Luiz Inácio Apedeuta da Silva esteve num encontro do PT do Interior (de São Paulo), que ocorreu na sexta e no sábado passados, em Bauru. Foi o lançamento não oficial da candidatura do ministro da Saúde, Alexandre Padilha, ao governo do Estado de São Paulo. Regozijando-se com as denúncias sobre a formação de cartel, exultante […]

Por Reinaldo Azevedo Atualizado em 31 jul 2020, 05h37 - Publicado em 14 ago 2013, 03h31

Luiz Inácio Apedeuta da Silva esteve num encontro do PT do Interior (de São Paulo), que ocorreu na sexta e no sábado passados, em Bauru. Foi o lançamento não oficial da candidatura do ministro da Saúde, Alexandre Padilha, ao governo do Estado de São Paulo. Regozijando-se com as denúncias sobre a formação de cartel, exultante mesmo, feliz a mais não poder, Lula — este monumento à ética da política pátria — comemorou com Padilha: “Você entrou no jogo!”. Ora, isso remete ao começo de tudo, não é mesmo? Vamos lembrar um tantinho.

As primeiras manifestações violentas, cujo pretexto era o reajuste da passagem de ônibus, se deram em São Paulo, reunindo meia dúzia de gatos-pingados. Os protestos sempre foram caracterizados por uma incrível truculência e por provocações deliberadas dirigidas contra os policiais militares, em particular contra a tropa de choque. Agora sabemos de tudo. Os black blocs já estavam lá. A tal Mídia Ninja, do grupo petista Fora do Eixo, já estava lá. A baderna, o quebra-quebra, a busca de confronto com a PM, todos esses atos eram deliberados. O resto é história, que já contei aqui muitas vezes. O que interessa é deixar isto registrado: o intuito era mesmo provocar a bagunça em São Paulo, de olho já nas eleições.
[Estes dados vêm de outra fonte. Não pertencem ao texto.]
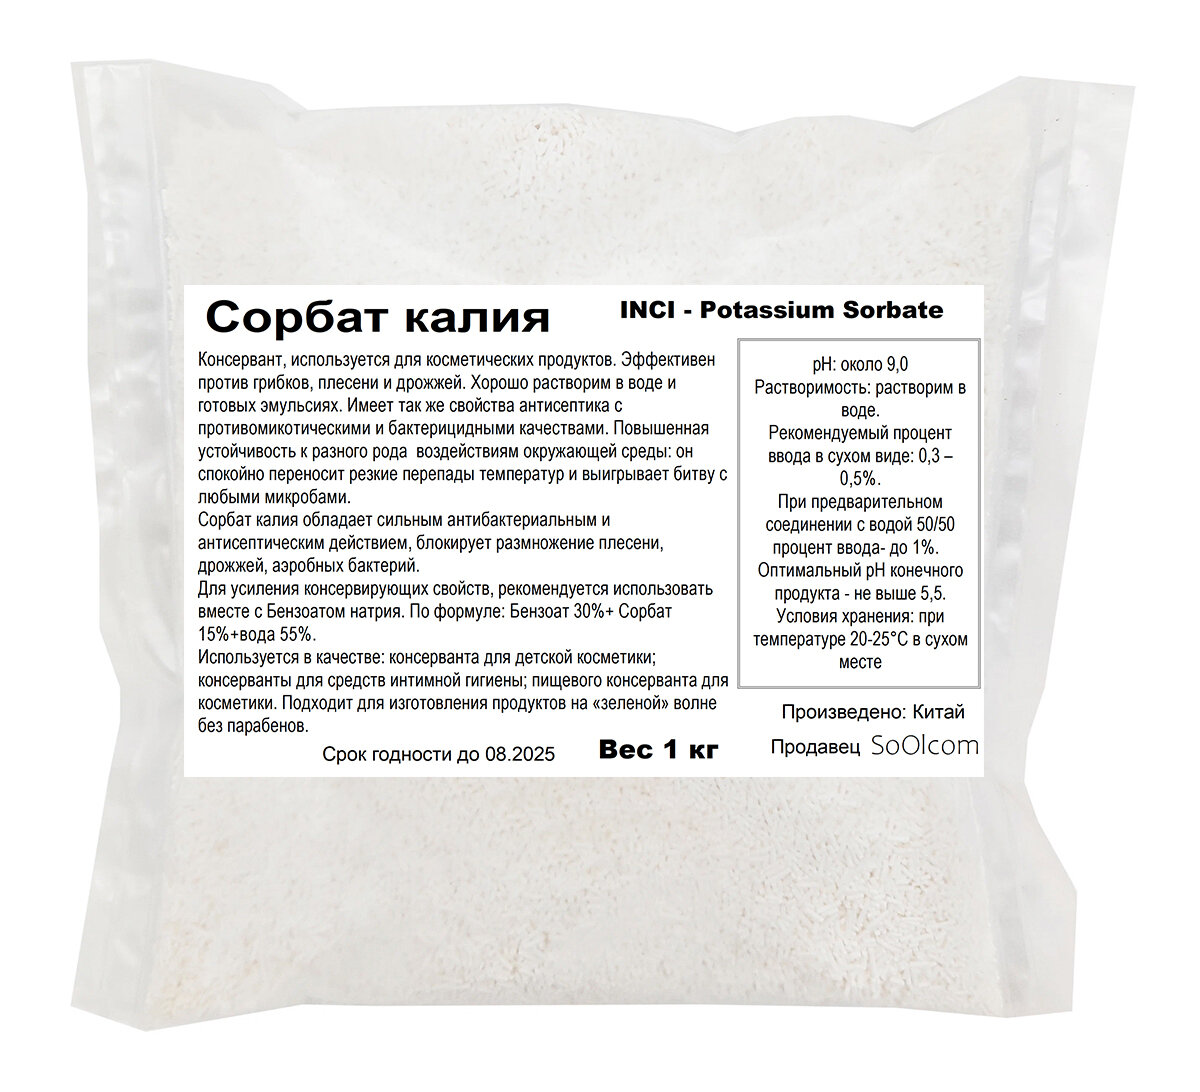 Сорбат калия, Е202, Potassium Sorbate / природный консервант (1 кг)

O tiro acabou saindo pela culatra — e, sobre isso também escrevi dezenas de textos. A desordem não se instalou por aqui, e o governador Geraldo Alckmin acabou com a imagem menos arranhada do que a da própria presidente Dilma Rousseff. Urgia fazer alguma coisa. E, tchan, tchan, tchan!!! Eis que surgem os vazamentos da investigação dita “sigilosa” que se dá no Cade sobre a formação der cartel, com base num acordo de leniência firmado pela Siemens com o órgão federal e com o Ministério Público.

Como deixam claros os documentos, as suspeitas não recaem apenas sobre São Paulo, não. Mas, por alguma razão, os ditos “executivos” parecem ter se esmerado em fornecer e-mails que comprometem só o estado. Pois é! A Siemens, não obstante, é a maior fornecedora da área de energia para o governo federal. Mas esse não é eixo deste texto (há outros posts a respeito).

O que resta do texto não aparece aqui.